Three aircraft are completed in SpiceJet colors. SpiceJet is a big customer and of these three aircraft has been deferred.  They will be delivered when the customer is ready and has arranged the financing. DHC would not comment on their customer’s plans, but it is worth noting that SpiceJet is a MAX customer and has a consequent significant financial hurdle to overcome. Moreover, with the collapse of Jet, Spicejet acquired several of its aircraft, crews, and slots.  The Dash8s have just not been as important as the one-in-a-lifetime opportunity of Jet’s collapse occurred. DHC did advise that they have taken the remaining 17 Spicejet aircraft on order out of their until the customer is ready to accept deliveries again.  The orders have not been removed from the order book, but production slots have been deferred.

There are two aircraft stored.  One has been delivered to AVMAX, who is dealing with the airline and arranging delivery. The second remains in production and is nearing final flight test.  Once it receives a CofA, it will be delivered to AVMAX to then deliver to the customer. It is worth pointing out that Jambojet is a subsidiary of Kenya Airways, which recently secured a loan for the Kenyan government.  AVMAX is temporarily storing them in Downsview pending finalizing customer arrangements.

  • DHC is rapidly working through the Bombardier backlog, and needs to add new customers quickly

The current is set through November 2020 and filling that skyline with new orders is the company’s primary area of focus.

At the last Dubai show, De Havilland made more news than any other OEM.  Yet since then, no order news or conversion of LOIs to firm orders have been announced.

The 37 deals announced at the show are all currently in process and moving forward. But a combination of factors is slowing things down. First is Covid-19 that has plugged up every airline and OEM.  Second, several of the deals depend on state approvals, including Ghana and Russia.  Boeing also announced a deal with Ghana in Dubai. Watch this 90-second response from Ghana’s Minister of Transport to our questions for context.

Other deals with lessors are awaiting securing operator agreements for the aircraft, with current market conditions making this quite challenging.

  • The Dash-8-400 needs a product refresh

Looking forward, we asked management about what is being done with the Dash8.  There is an interest in a large cargo door freighter and a package freighter as well as the combi version.  The challenge operators face is finding the right combination of freight and passenger traffic mix. To date, the only combi customer is in Japan.  The African market has proven to be receptive to Dash8 passenger orders, but operators need to develop a favorable cargo/passenger mix before they can order the combi.
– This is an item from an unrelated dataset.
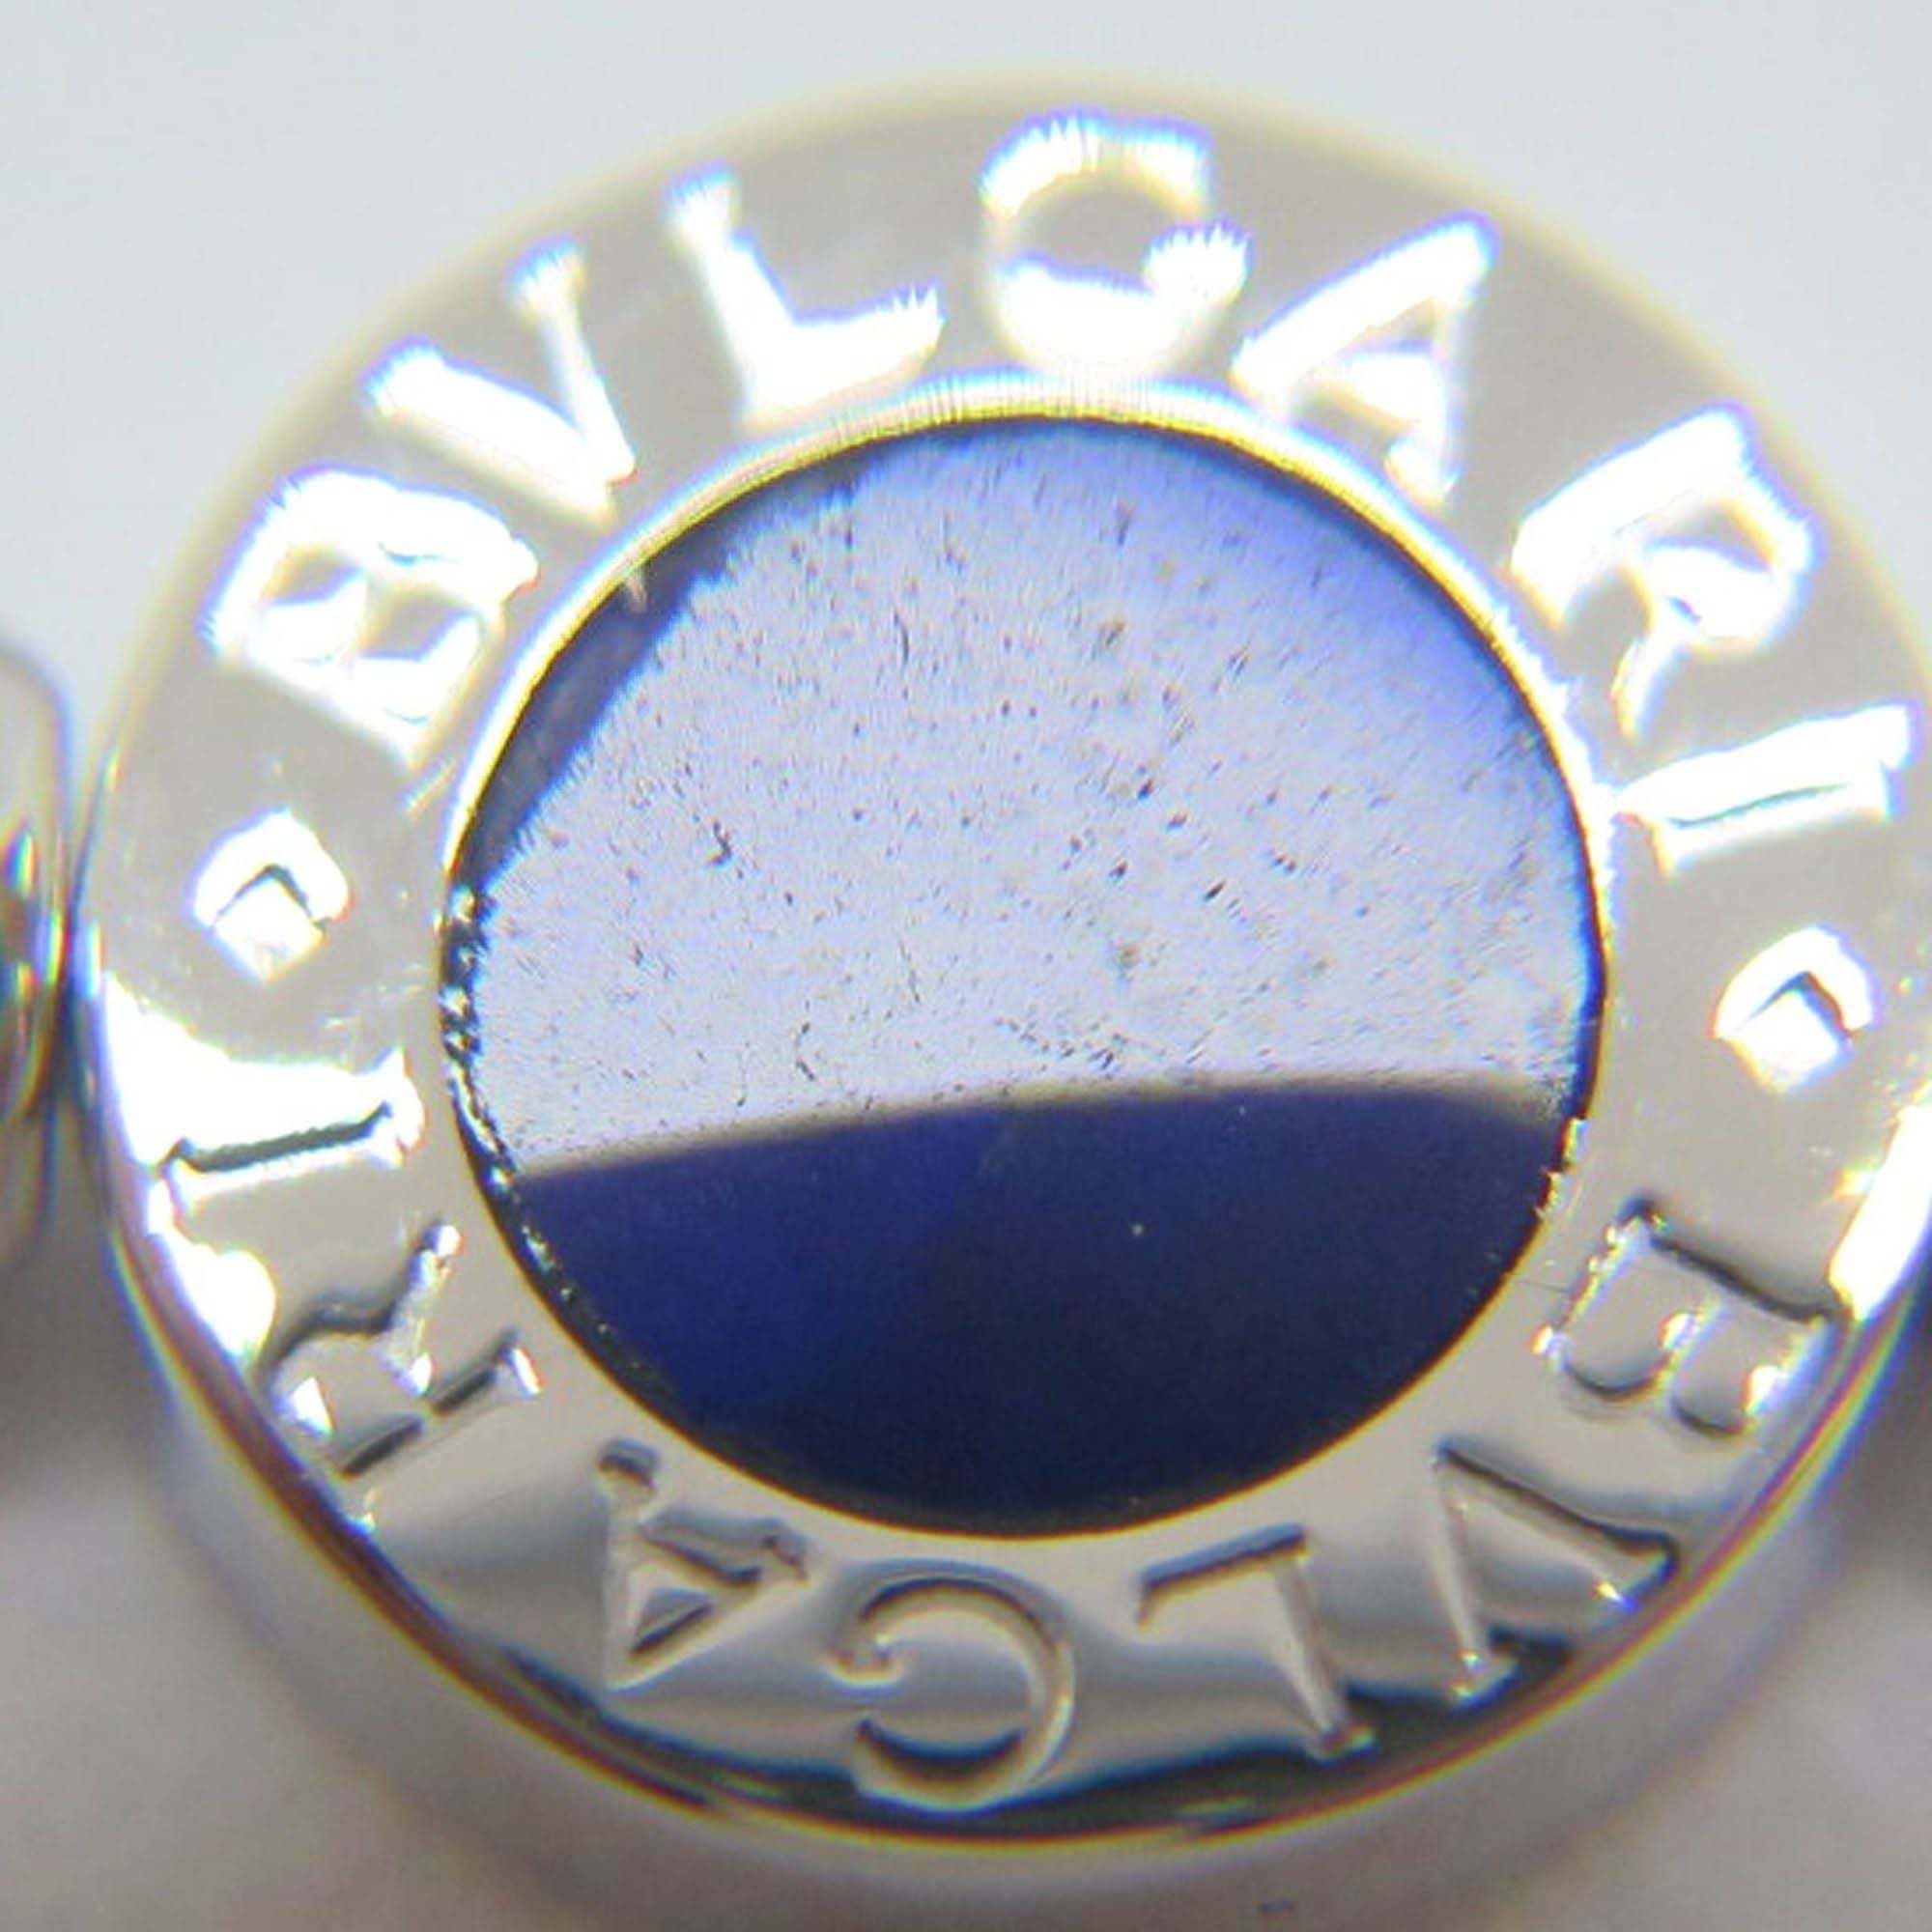 Bvlgari Flip 18K White Gold Diamond Lapis Lazuli Ring EU 52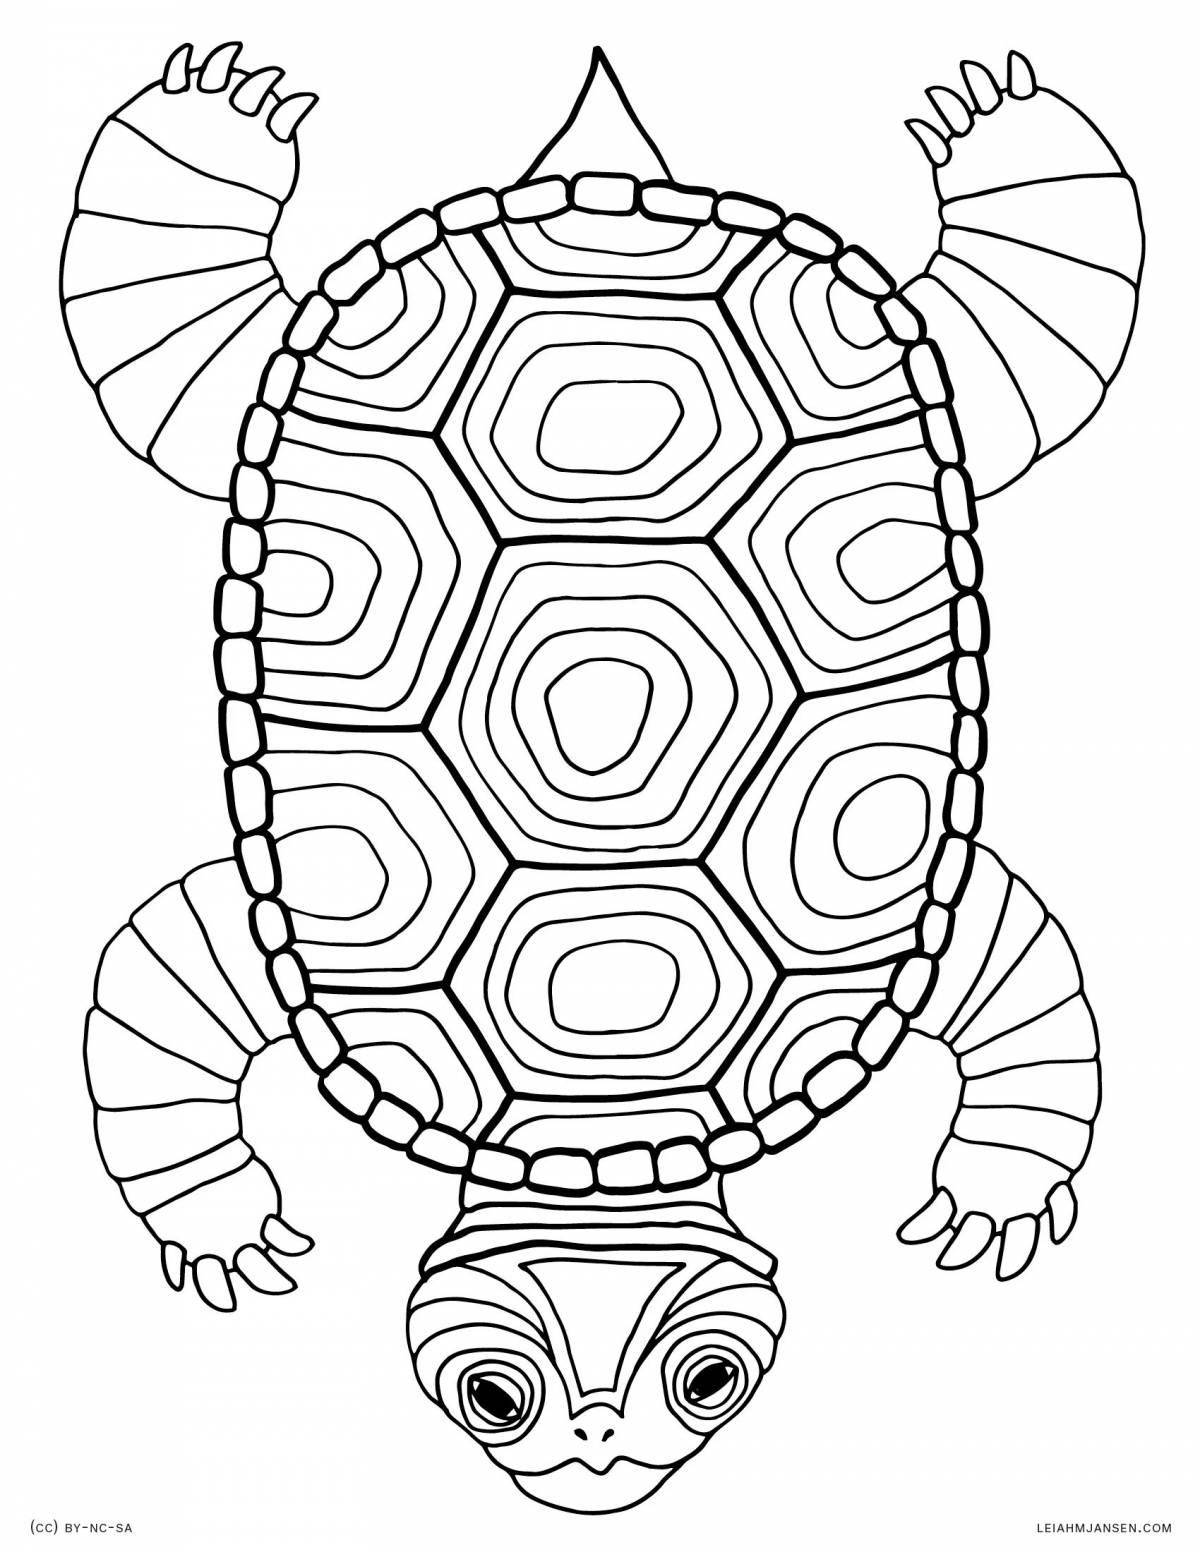 Rich turtle coloring

Even so, other operators have approached DHC to discuss a new-build freighter.  Also, DHC is looking at freighter conversions of older passenger models, much like Boeing and Airbus have done. Conversion offers the lower capital costs that will enable Dash8 freighters to operate with more attractive economics for what are typically low-frequency freight operations.

The Bottom Line

In summary, De Havilland is quietly working very hard behind the scenes.. They are crisscrossing the globe to introduce their new company to former Bombardier customers while at the same time delivering on the backlog they inherited, and focusing on obtaining new orders to increase the backlog and fill the skyline.  They have focused on converting the 37 LOIs announced in Dubai, and have several other potential deals in discussions.

Unfortunately juggling those challenges has not been made easier by Covid-19 and the associated meltdown in airline traffic and business.  But the rumors that are circulating about DHC don’t appear to accurately represent the current situation.  Rumors of an impending demise appear to be premature.